* _Information supplied_

────────────────────────────────────────

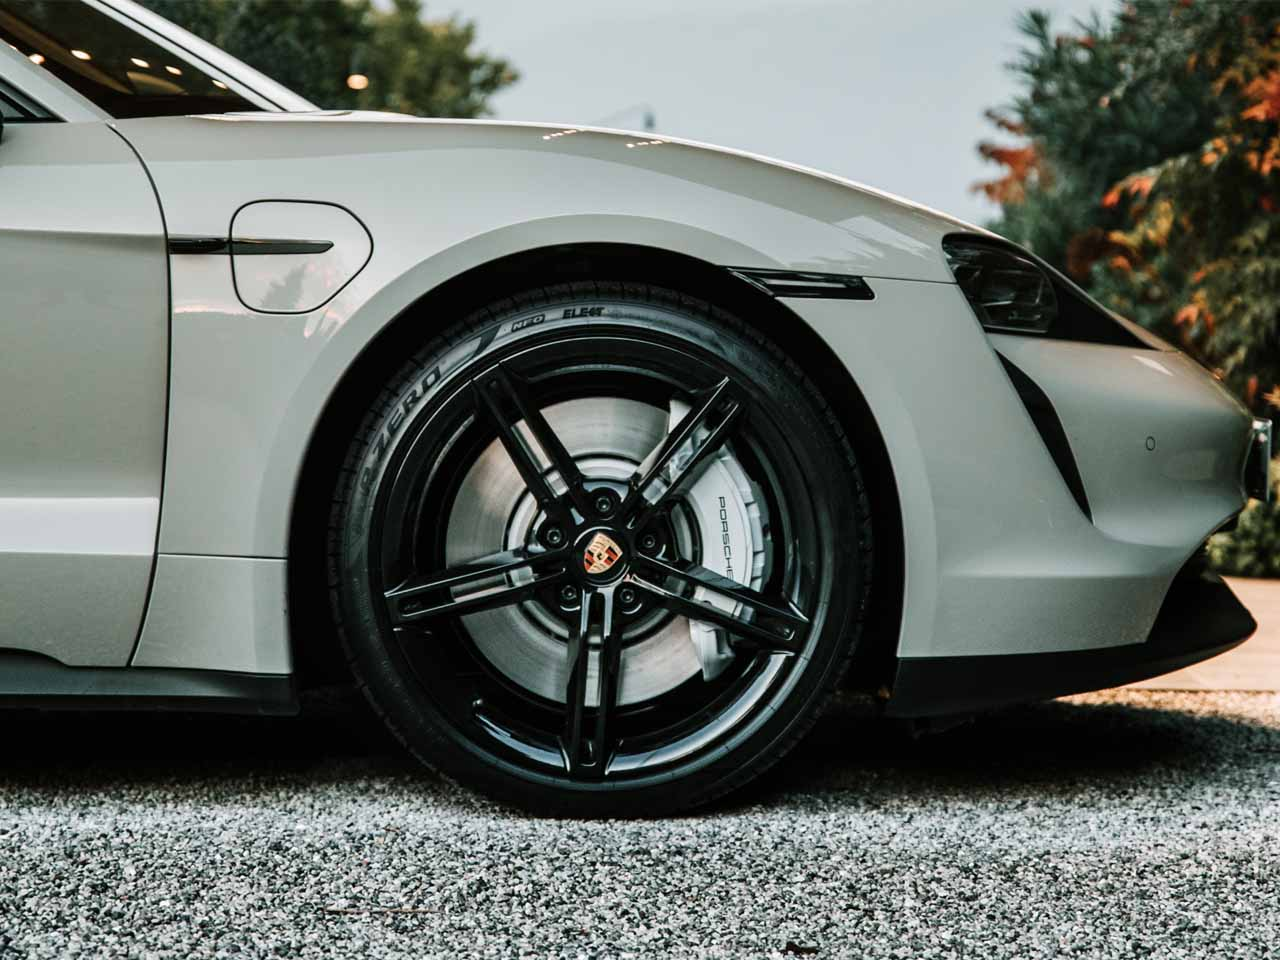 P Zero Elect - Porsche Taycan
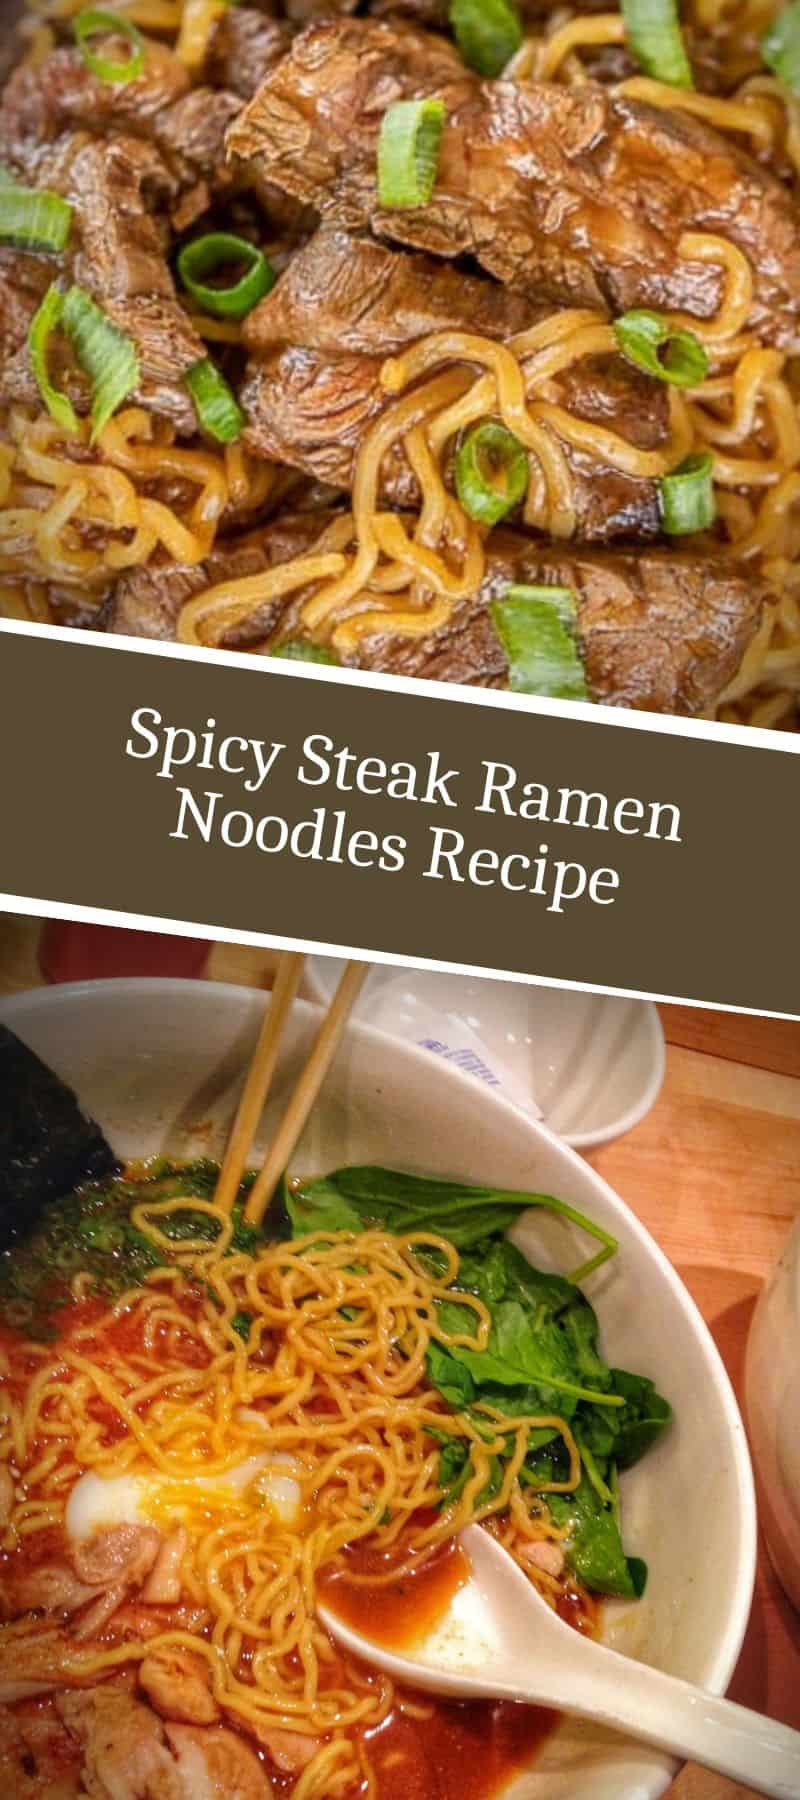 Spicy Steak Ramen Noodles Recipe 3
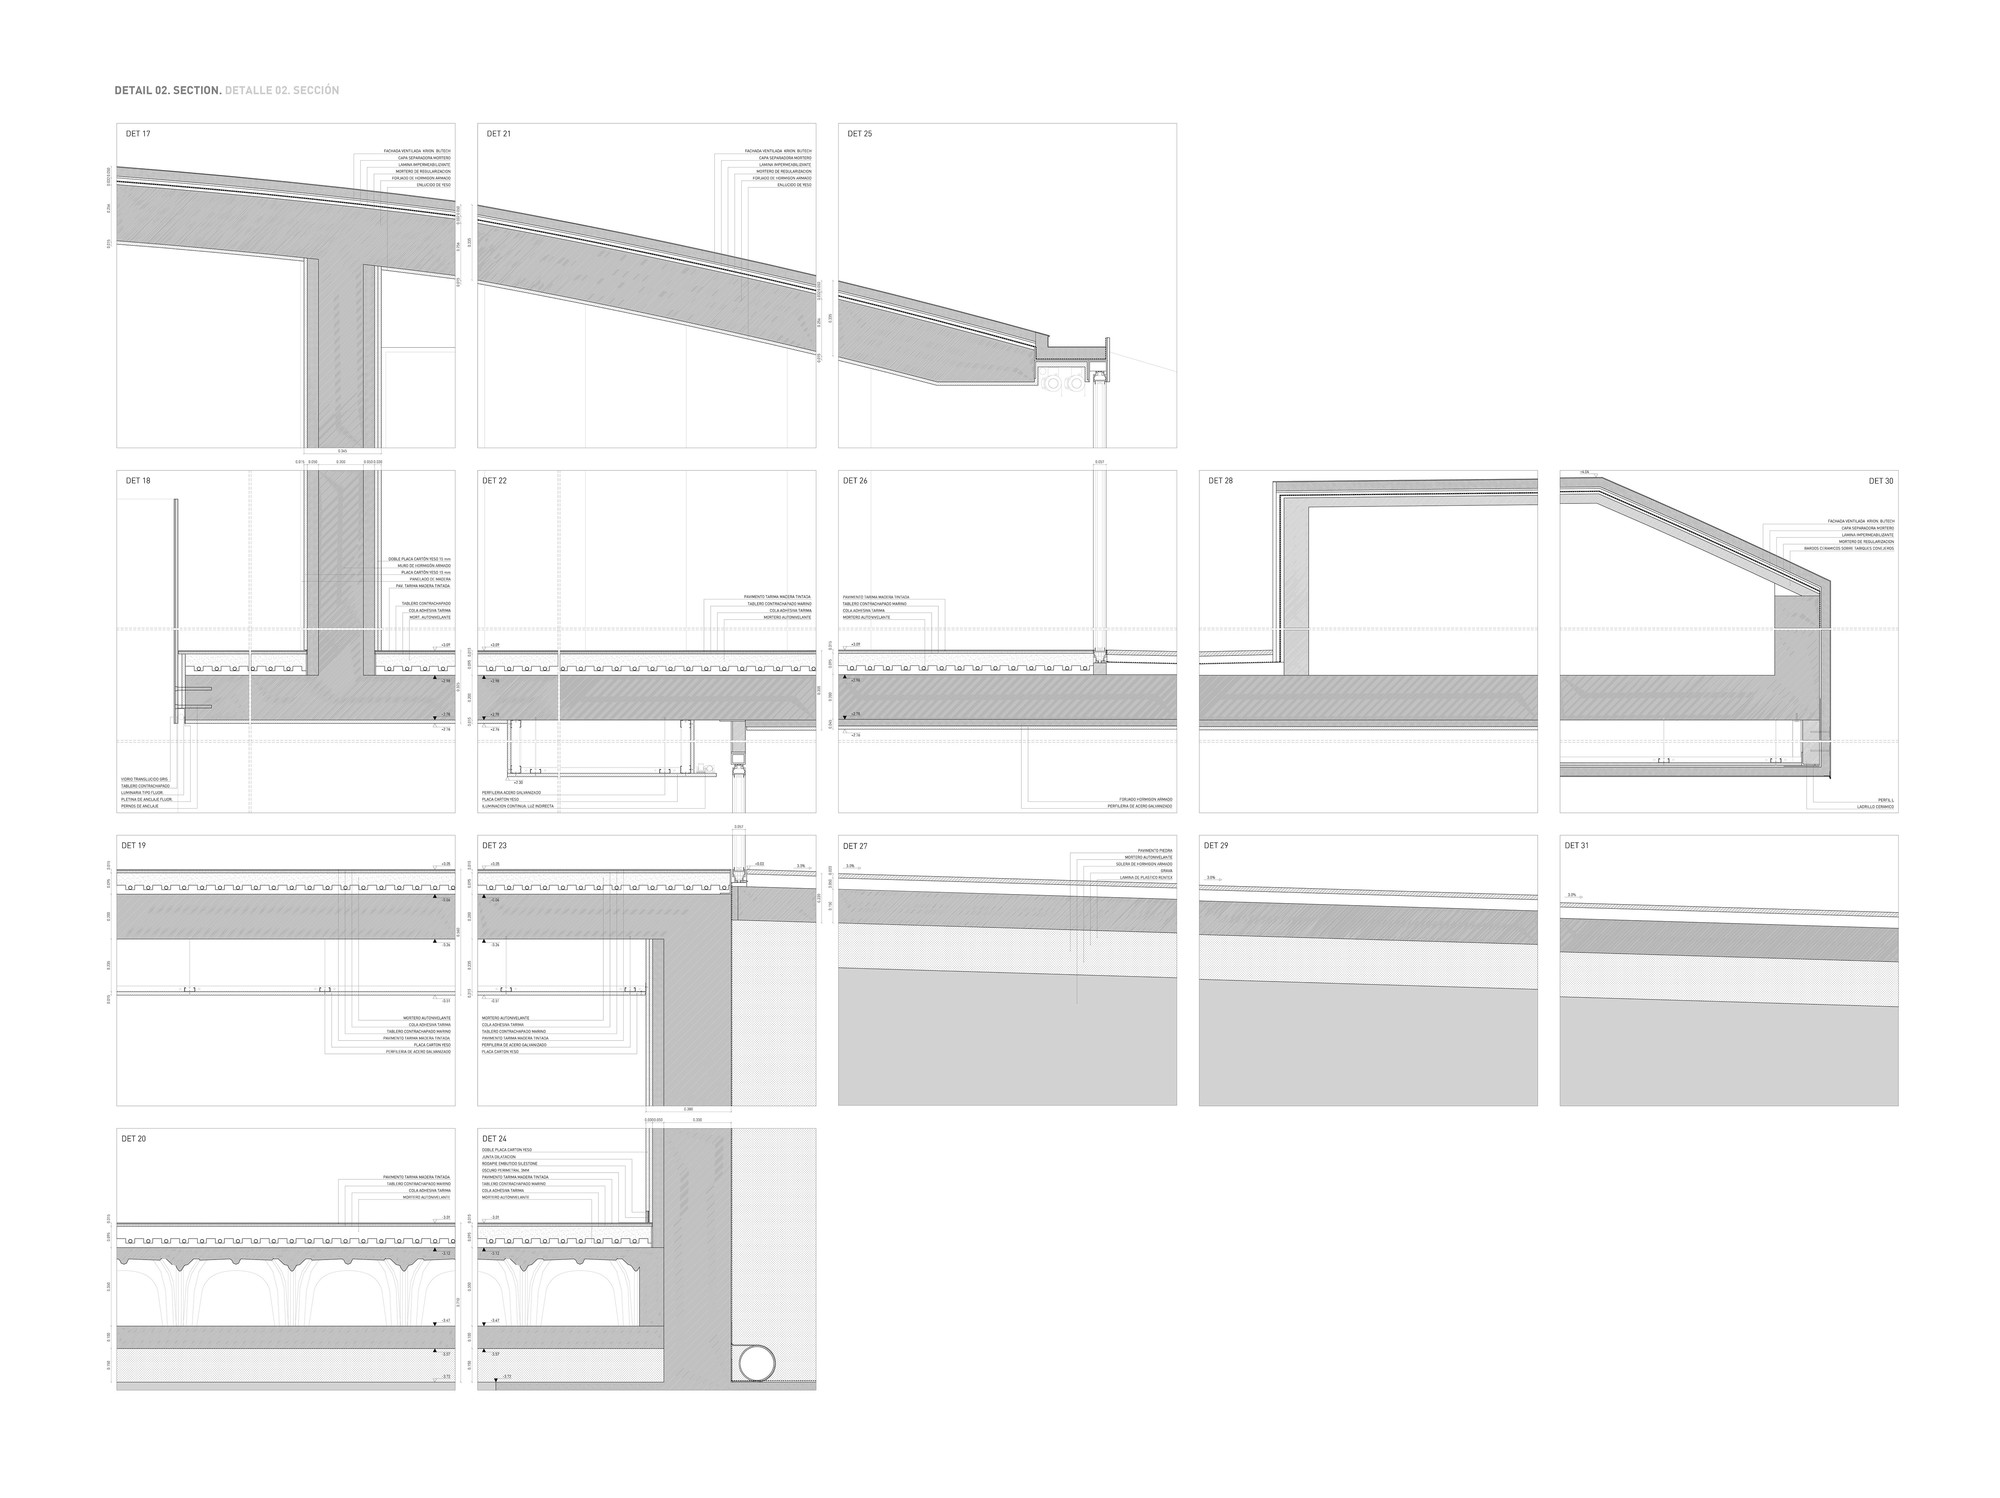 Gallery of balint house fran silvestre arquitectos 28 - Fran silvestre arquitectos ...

────────────────────────────────────────

* _Exercise prompt_
Render the data above verbatim and without pictures.

* _Answer to the exercise_
 P Zero Elect - Porsche Taycan
 Spicy Steak Ramen Noodles Recipe 3
 Gallery of balint house fran silvestre arquitectos 28 - Fran silvestre arquitectos ...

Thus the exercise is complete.